*** Opening of INFORMATION SUPPLIED ***

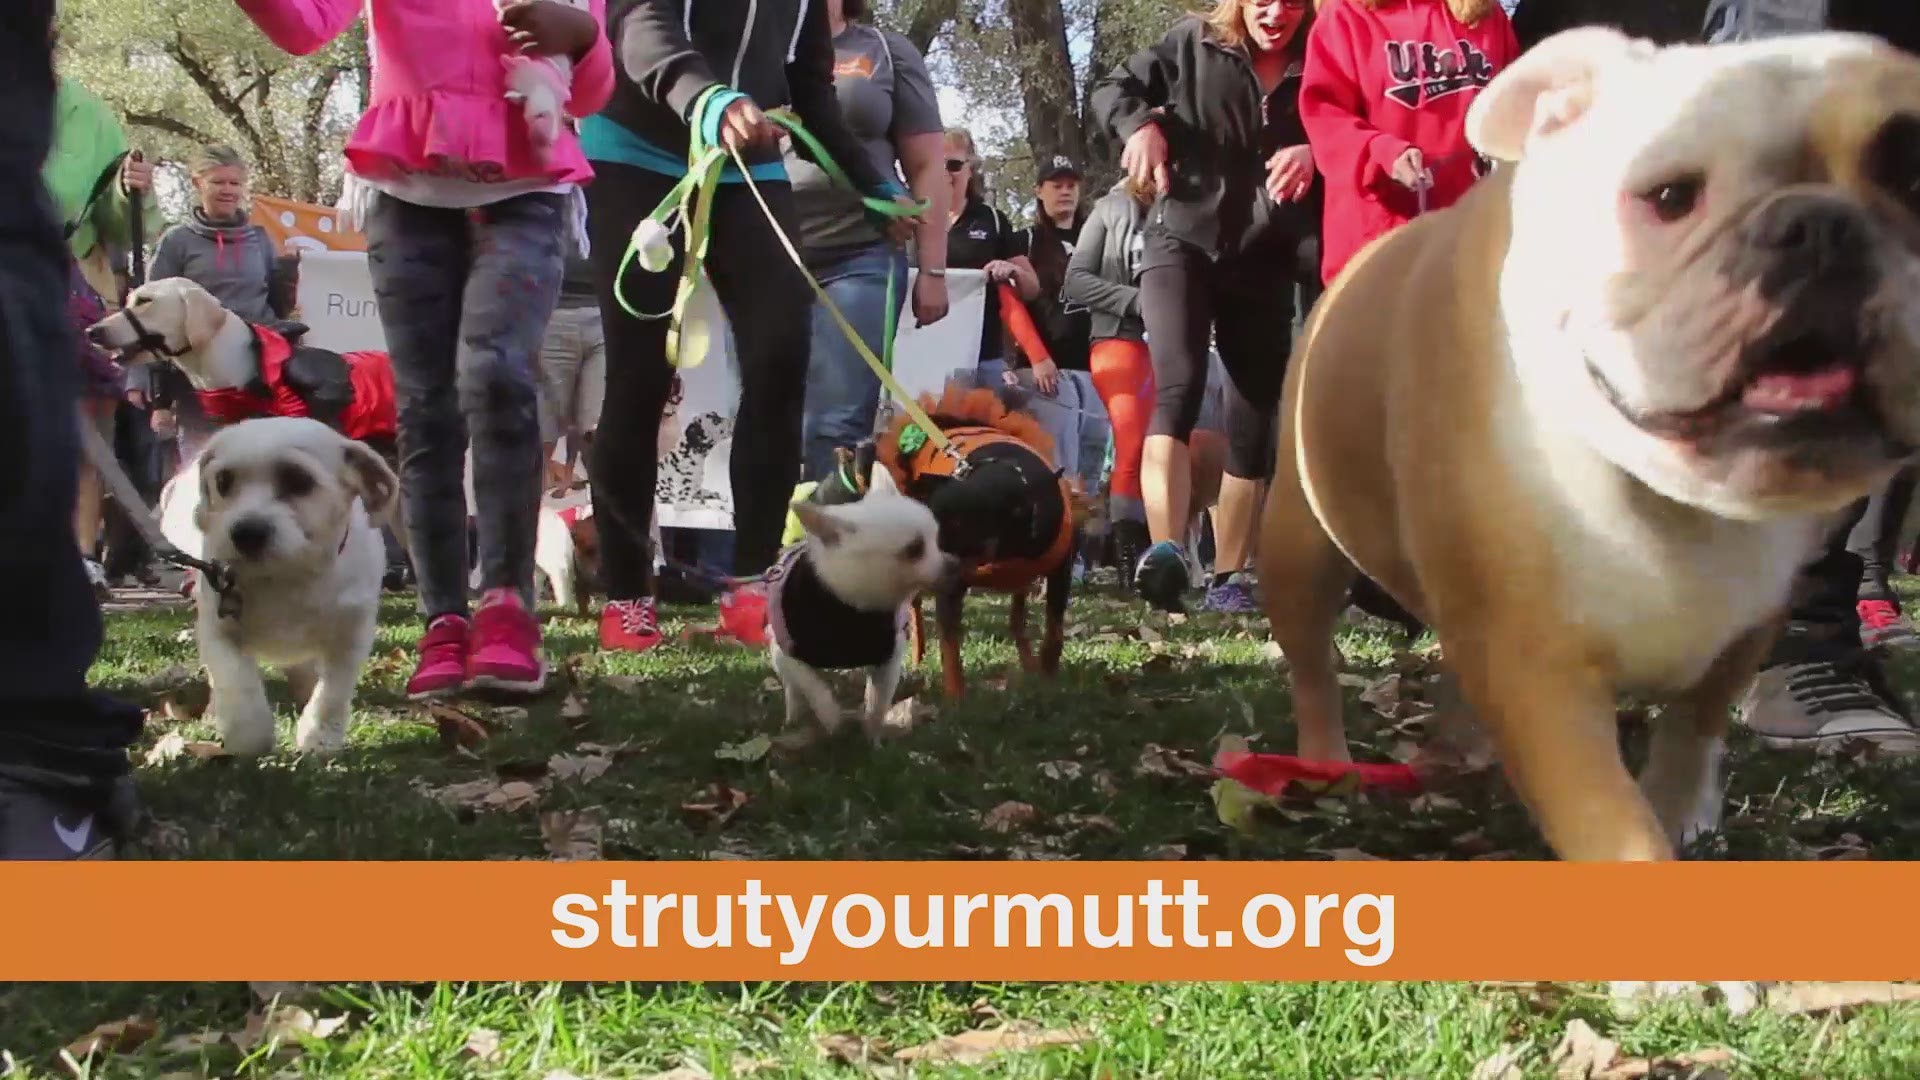 Strut Your Mutt is helping raise money for local rescues and shelters so we can be no-kill by 2025
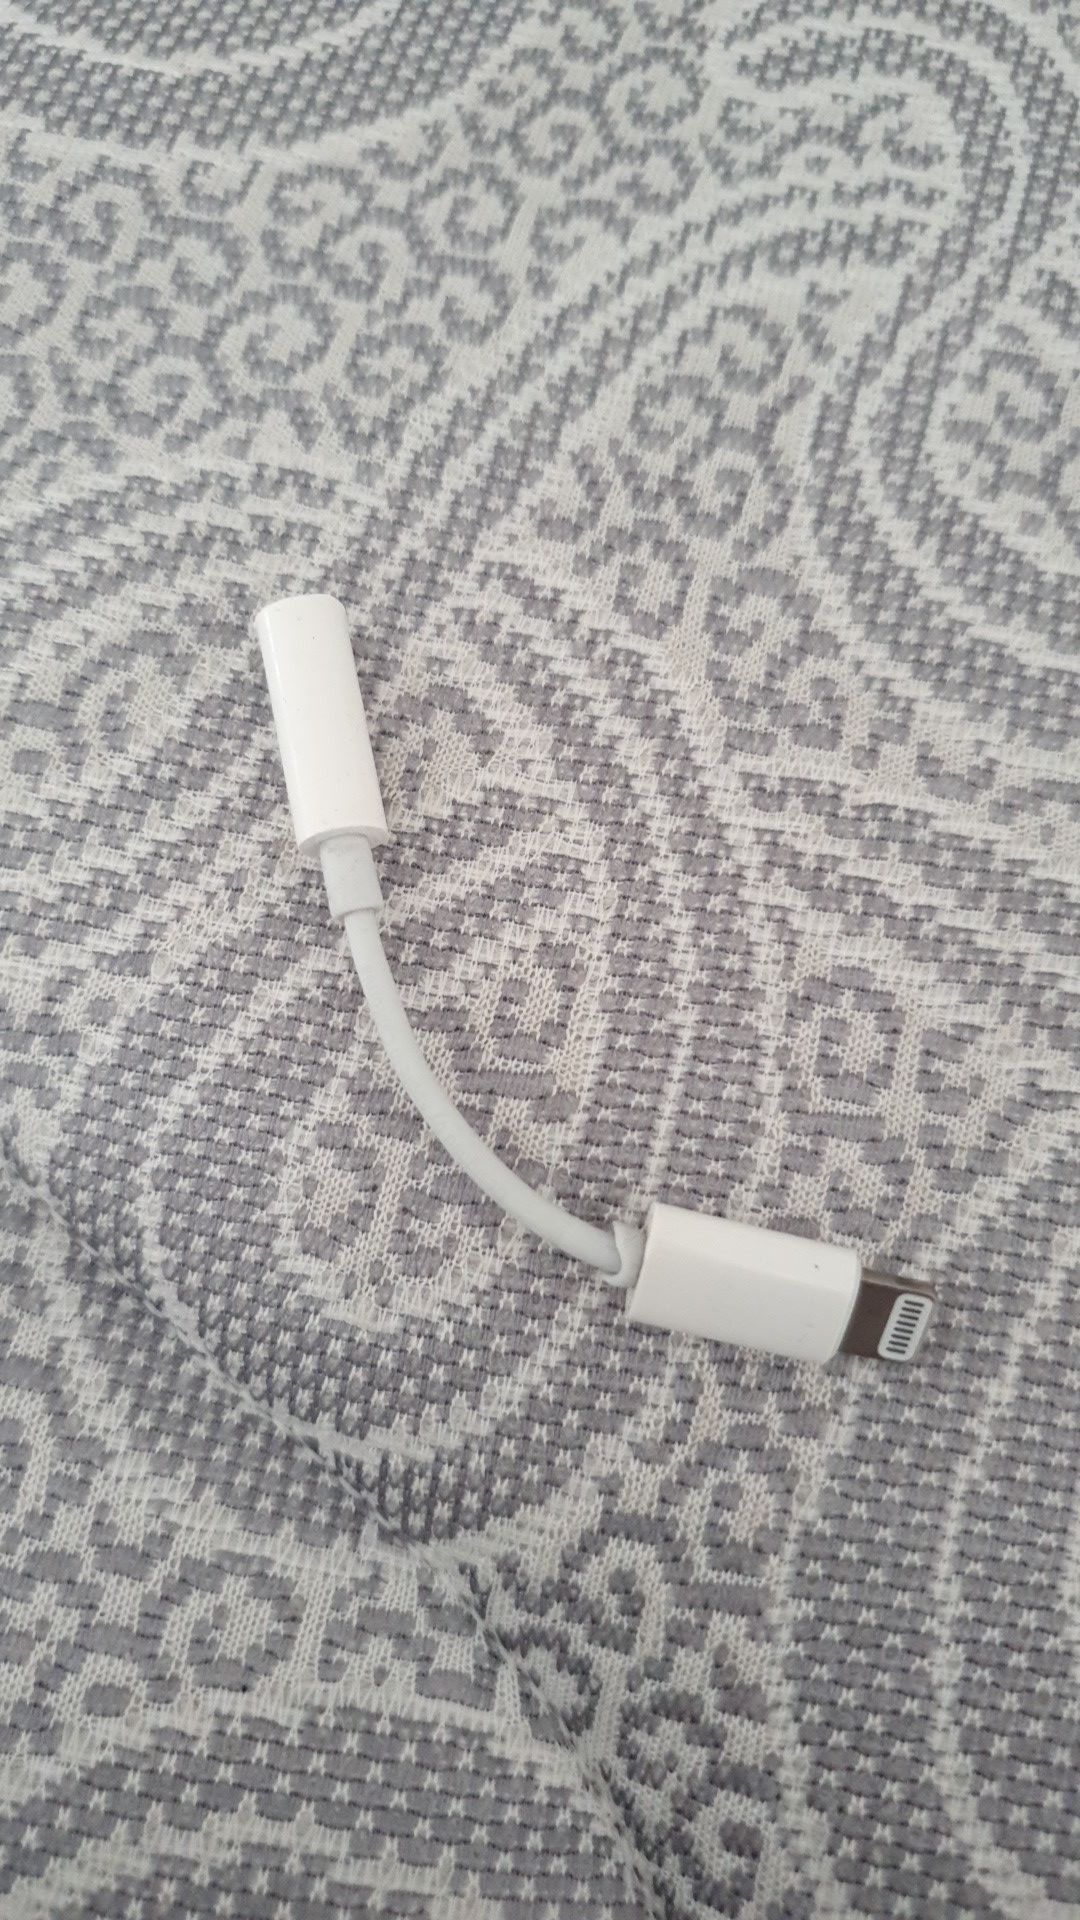 IPhone adapter for sale $ 15
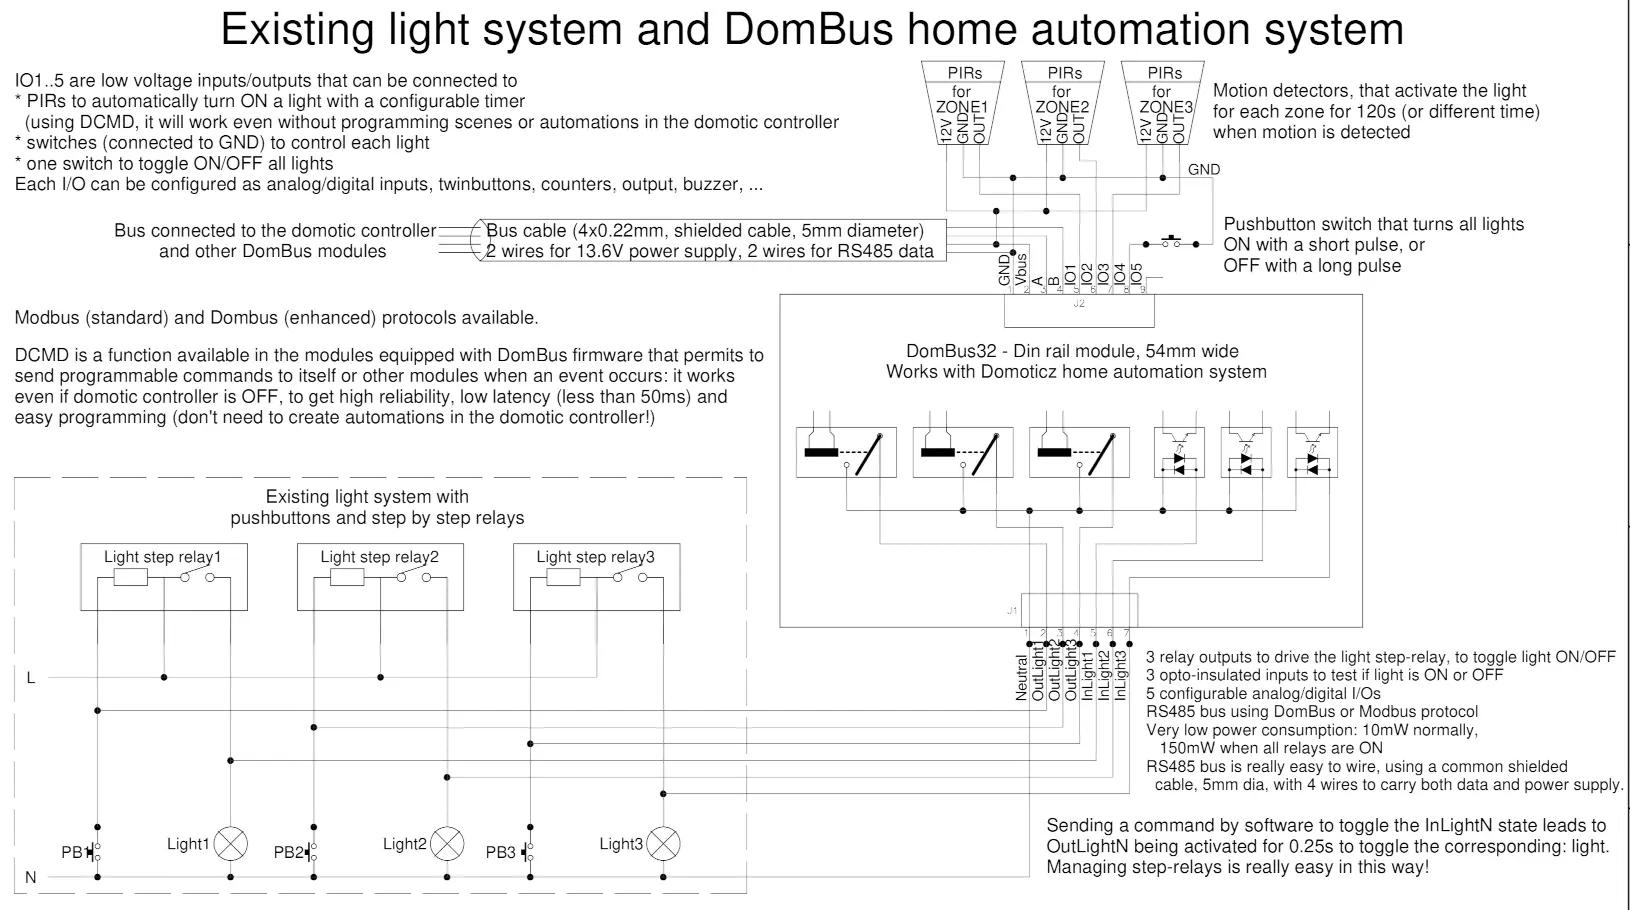 Using DomBus32 module to control a light system using step-by-step relays

*** Close of INFORMATION SUPPLIED ***

EXERCISE:
Could you set down the data exactly as given, minus its pictures?

SOLVED EXERCISE:
 Strut Your Mutt is helping raise money for local rescues and shelters so we can be no-kill by 2025
 IPhone adapter for sale $ 15
 Using DomBus32 module to control a light system using step-by-step relays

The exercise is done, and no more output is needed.